■ Exercise directions: Would you repeat the data below exactly, taking out the images?

■ The data:
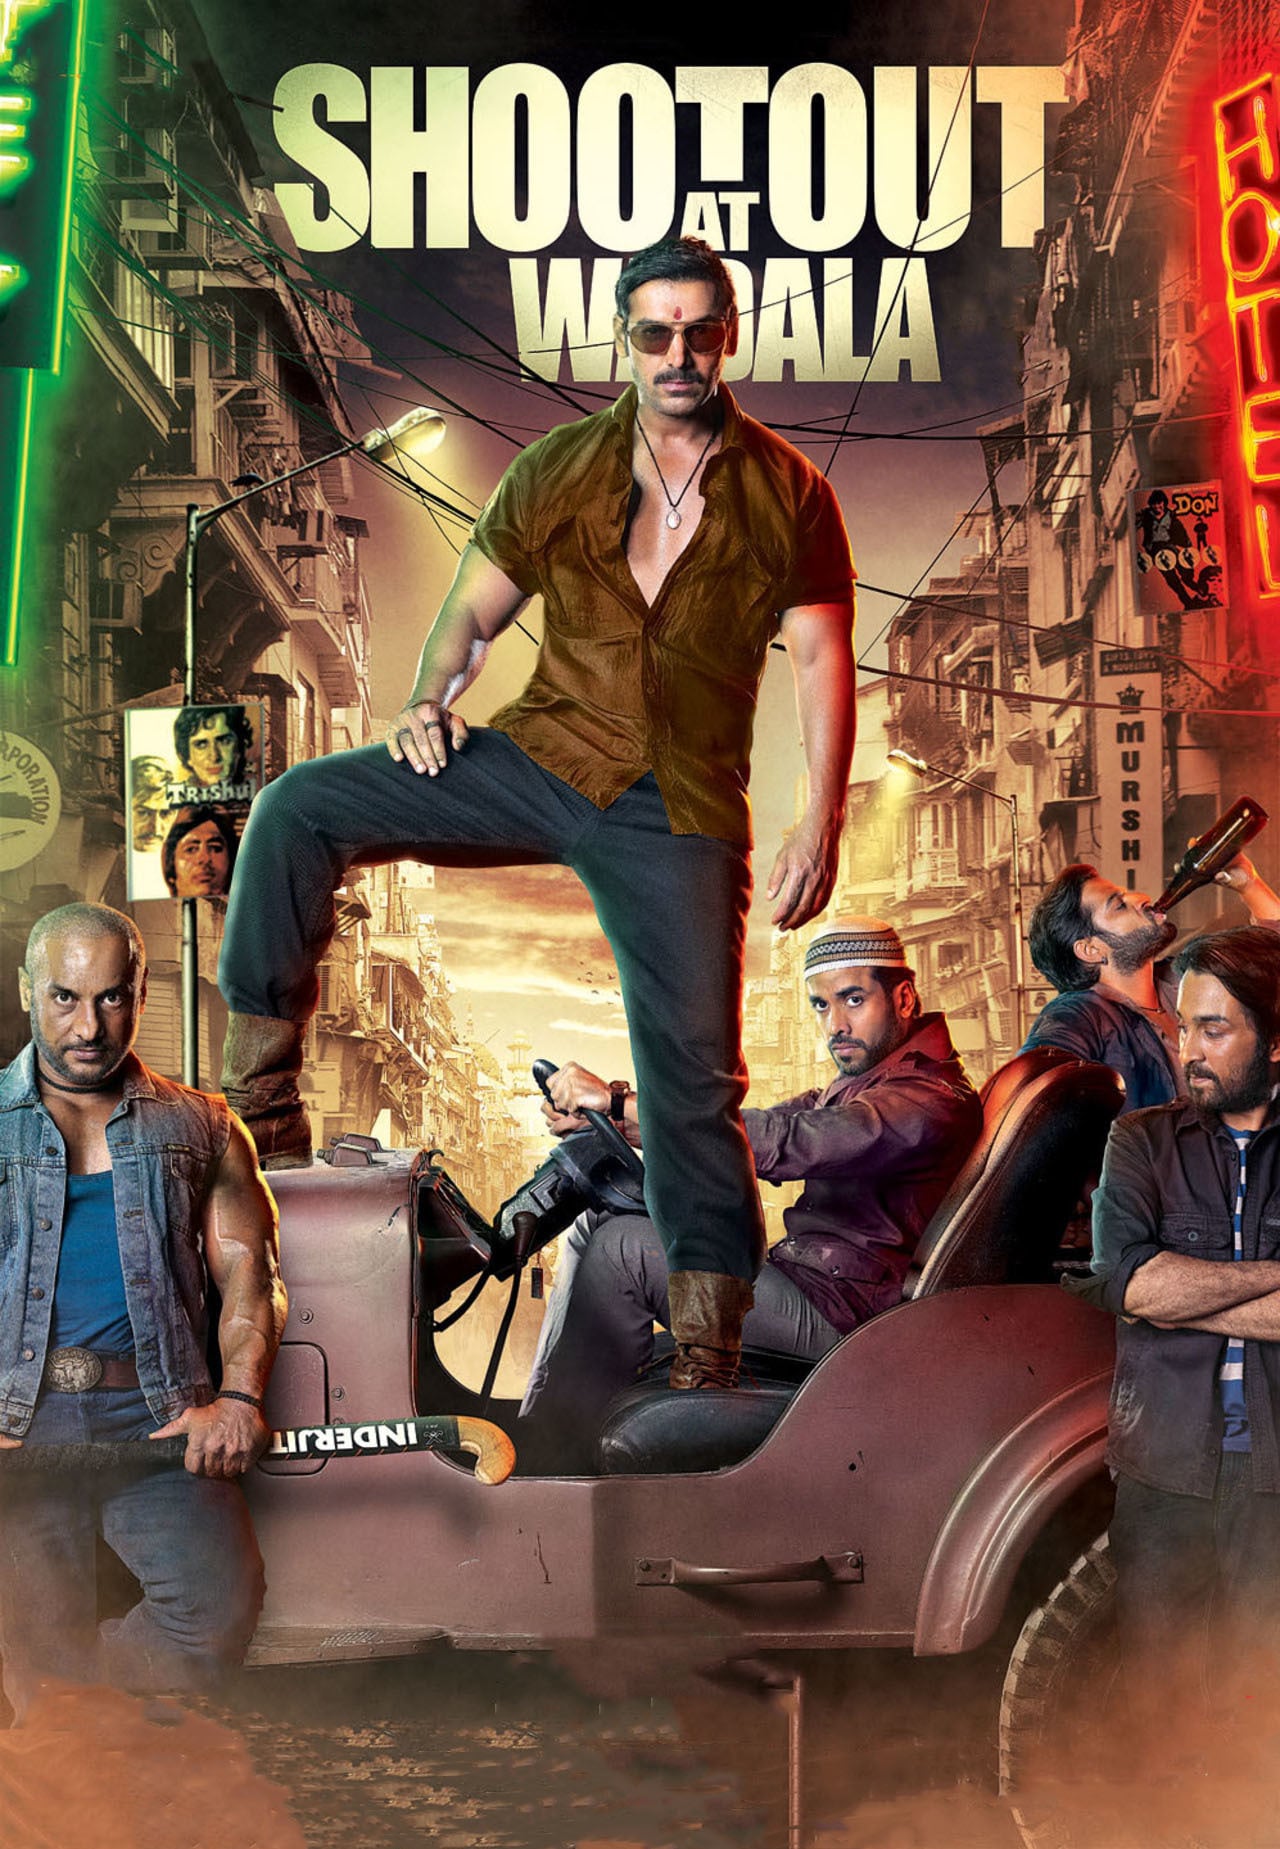 Poster for the movie "Shootout at Wadala"
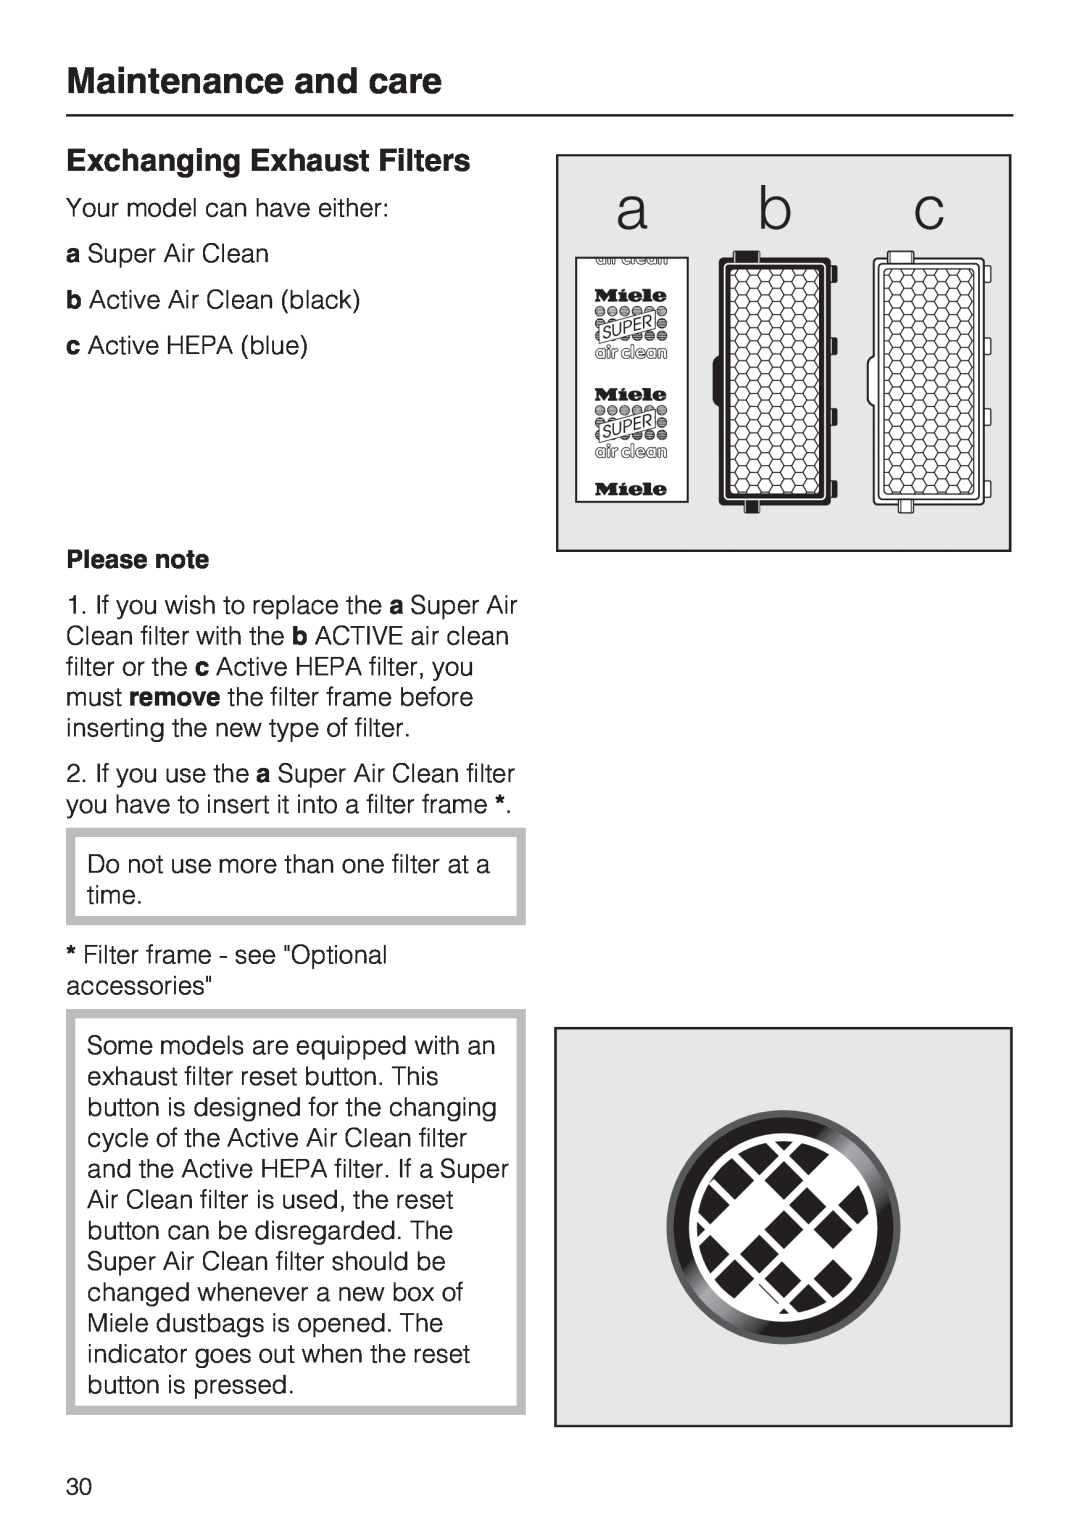 NEC S 5000 operating instructions Exchanging Exhaust Filters, Maintenance and care, Please note 
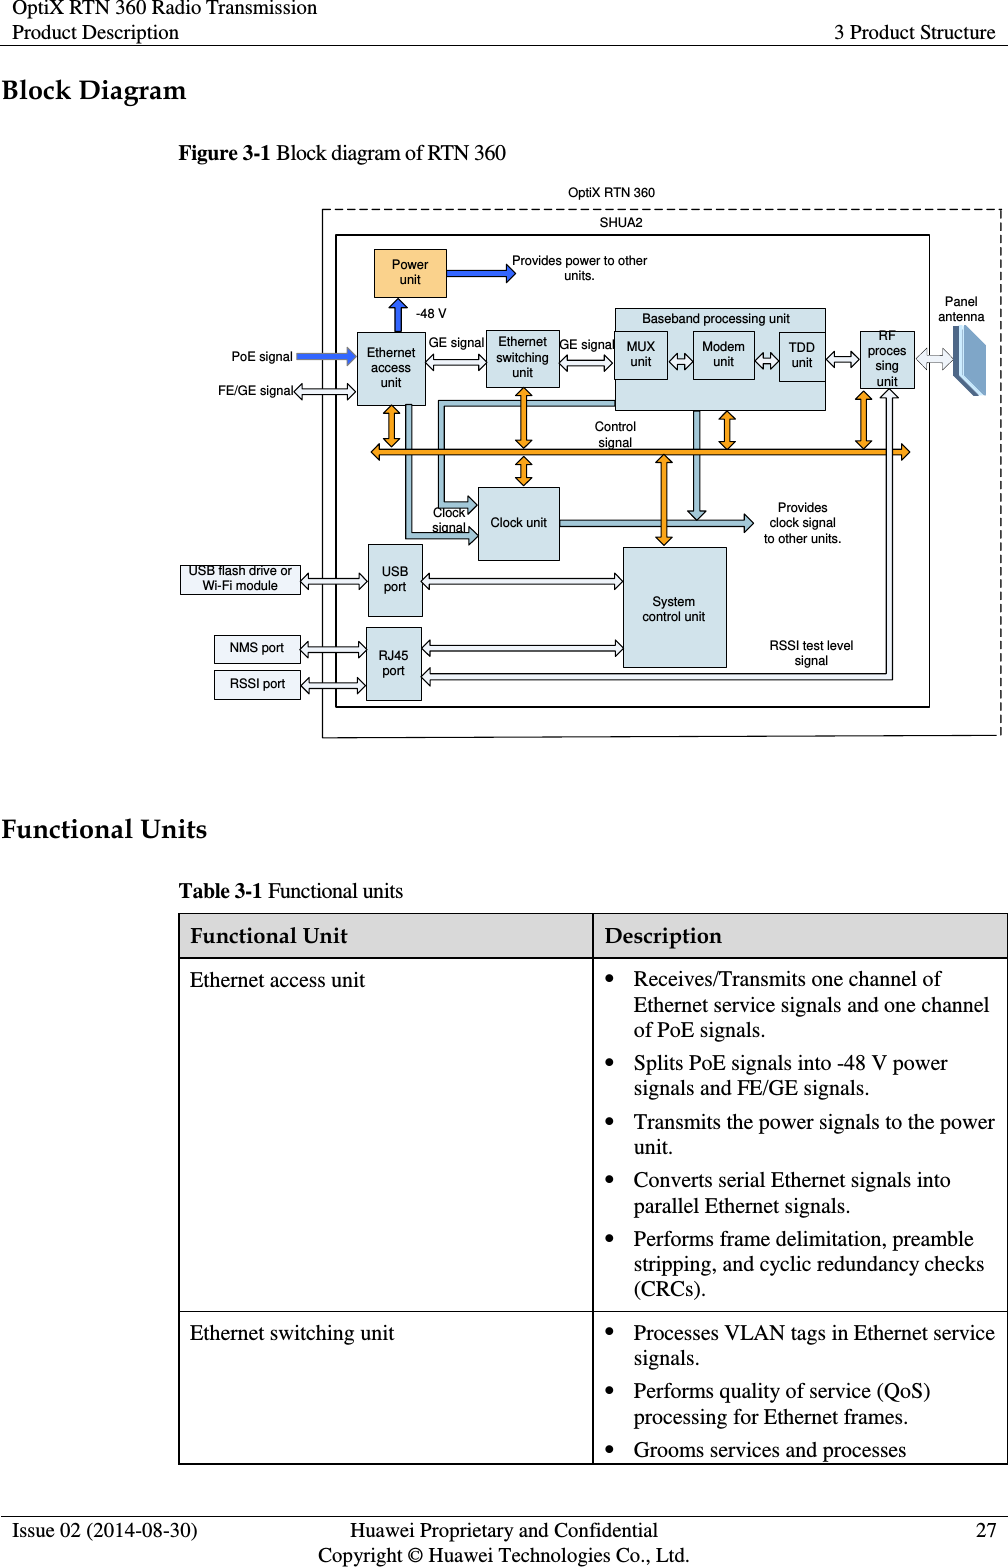 OptiX RTN 360 Radio Transmission Product Description 3 Product Structure  Issue 02 (2014-08-30) Huawei Proprietary and Confidential                                     Copyright © Huawei Technologies Co., Ltd. 27  Block Diagram Figure 3-1 Block diagram of RTN 360 USB flash drive or Wi-Fi module System control unitPower unitClock unit Provides clock signal to other units.Panel antennaEthernet switching unitEthernet access unitRF processing unitClock signalPoE signalProvides power to other units.SHUA2MUX unit Modem unitBaseband processing unitControl signalRSSI portRSSI test level signalOptiX RTN 360NMS portGE signal GE signalUSB port-48 VRJ45 portTDD unitFE/GE signal  Functional Units Table 3-1 Functional units Functional Unit Description Ethernet access unit  Receives/Transmits one channel of Ethernet service signals and one channel of PoE signals.  Splits PoE signals into -48 V power signals and FE/GE signals.  Transmits the power signals to the power unit.    Converts serial Ethernet signals into parallel Ethernet signals.    Performs frame delimitation, preamble stripping, and cyclic redundancy checks (CRCs). Ethernet switching unit  Processes VLAN tags in Ethernet service signals.  Performs quality of service (QoS) processing for Ethernet frames.  Grooms services and processes 
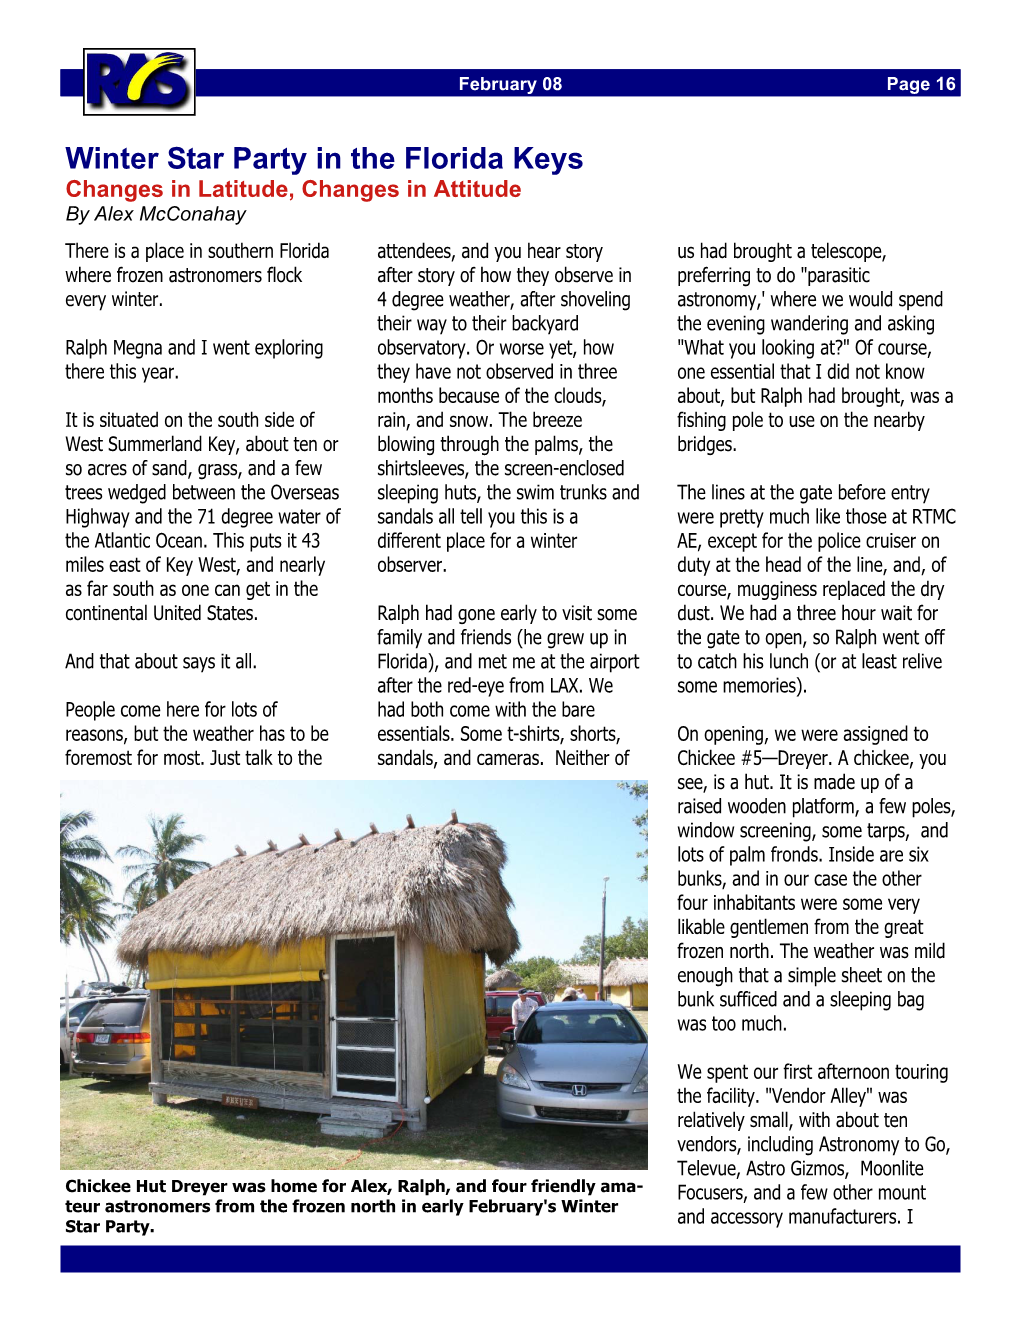 Winter Star Party in the Florida Keys Changes in Latitude, Changes in Attitude by Alex Mcconahay

■ Written response:
 Poster for the movie "Shootout at Wadala"
 NEC S 5000 operating instructions Exchanging Exhaust Filters, Maintenance and care, Please note 
 OptiX RTN 360 Radio Transmission Product Description 3 Product Structure  Issue 02 (2014-08-30) Huawei Proprietary and Confidential                                     Copyright © Huawei Technologies Co., Ltd. 27  Block Diagram Figure 3-1 Block diagram of RTN 360 USB flash drive or Wi-Fi module System control unitPower unitClock unit Provides clock signal to other units.Panel antennaEthernet switching unitEthernet access unitRF processing unitClock signalPoE signalProvides power to other units.SHUA2MUX unit Modem unitBaseband processing unitControl signalRSSI portRSSI test level signalOptiX RTN 360NMS portGE signal GE signalUSB port-48 VRJ45 portTDD unitFE/GE signal  Functional Units Table 3-1 Functional units Functional Unit Description Ethernet access unit  Receives/Transmits one channel of Ethernet service signals and one channel of PoE signals.  Splits PoE signals into -48 V power signals and FE/GE signals.  Transmits the power signals to the power unit.    Converts serial Ethernet signals into parallel Ethernet signals.    Performs frame delimitation, preamble stripping, and cyclic redundancy checks (CRCs). Ethernet switching unit  Processes VLAN tags in Ethernet service signals.  Performs quality of service (QoS) processing for Ethernet frames.  Grooms services and processes 
 Winter Star Party in the Florida Keys Changes in Latitude, Changes in Attitude by Alex Mcconahay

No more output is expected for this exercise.